Passengers lose out as tram lines installed

The Edinburgh Evening News reports that bus passengers are facing three years of service cuts in the Capital, despite Lothian Buses - Edinburgh's largest bus operator - making record profits last year. Yesterday Lothian Buses blamed disruption to services by trams roadworks for a five per cent drop in passenger numbers so far this year. Falling customer numbers and the rising cost of fuel means the company is facing its toughest trading conditions in over a decade and bosses say cuts in services must be made.

Recently the council-owned company posted results showing profits rose by 20 per cent to £5.9 million during 2007. As a result, the city council stands to pick up a £2m dividend – just as the bus company is looking to axe loss-making services. This has understandably angered local residents and tourists alike, with the council perhaps feeling duty-bound to forgo a proportion of the dividend and to use this excess to ensure the continuation of bus services making marginal profits.

Ian Craig, managing director of Lothian Buses, said: "It is clear the disruption in the city centre and elsewhere has lost us more passengers than we have gained from the petrol price increases. This confirms that, due to the disruption, we have lost five per cent of our passengers. This is in line with figures from some major Princes Street retailers who, I understand, are reporting sales in central Edinburgh hit harder than at other locations."
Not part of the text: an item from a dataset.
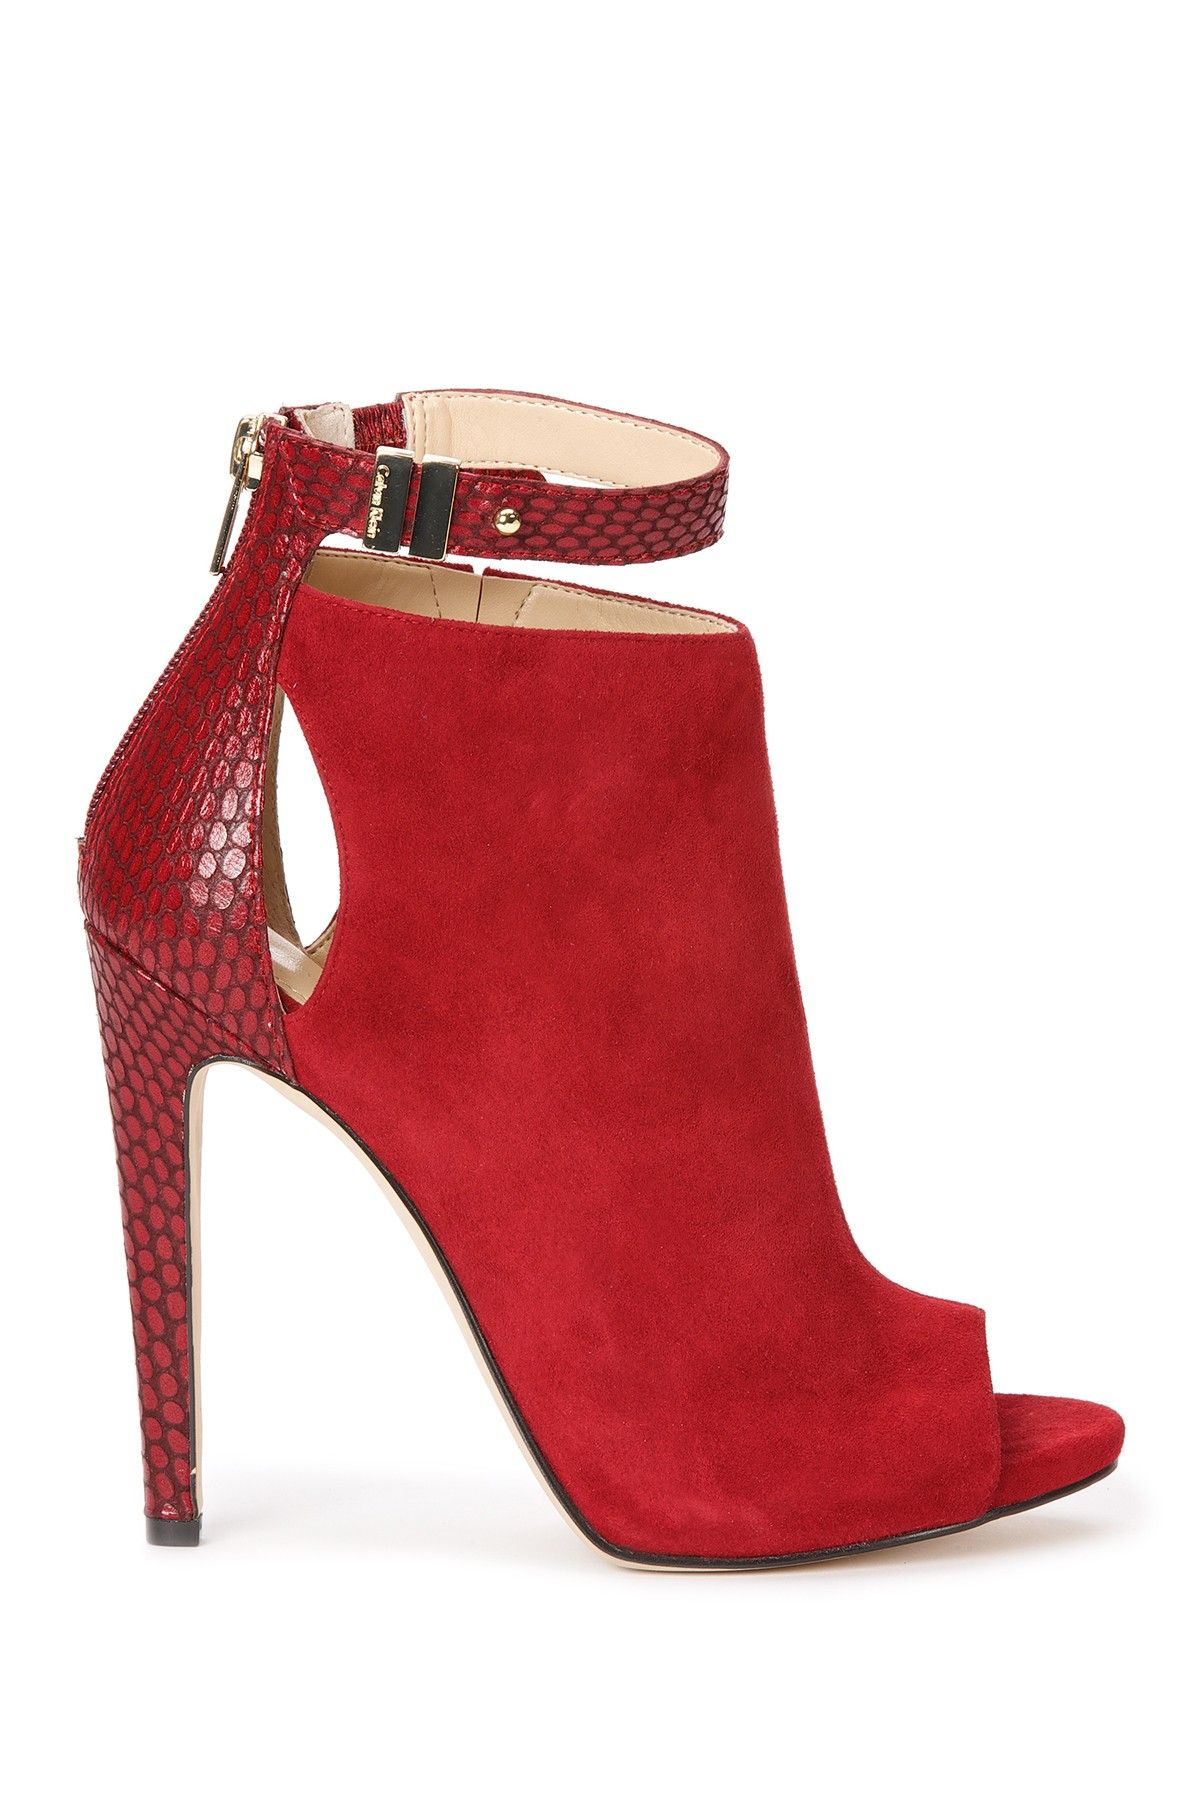 a2627f07336 Calvin Klein | Calvin Klein Saya Open Toe Shoe | Nordstrom Rack ...

In March, Lothian Buses revealed it was facing a £4m shortfall because of increases in tax and fuel costs, as well as a Scottish Government freeze on a rebate to transport operators used to cover rises in fuel duty and the requirement to allocate more buses to maintain service frequencies during the disruptive roadworks to install the new tram system. Lothian claim that they are able to cope so far due to a very successful year in 2007 - a year in which only the day ticket increased in price. All this and a total of 85 brand new buses entered service on the streets of Edinburgh, at a cost of £17.8 million.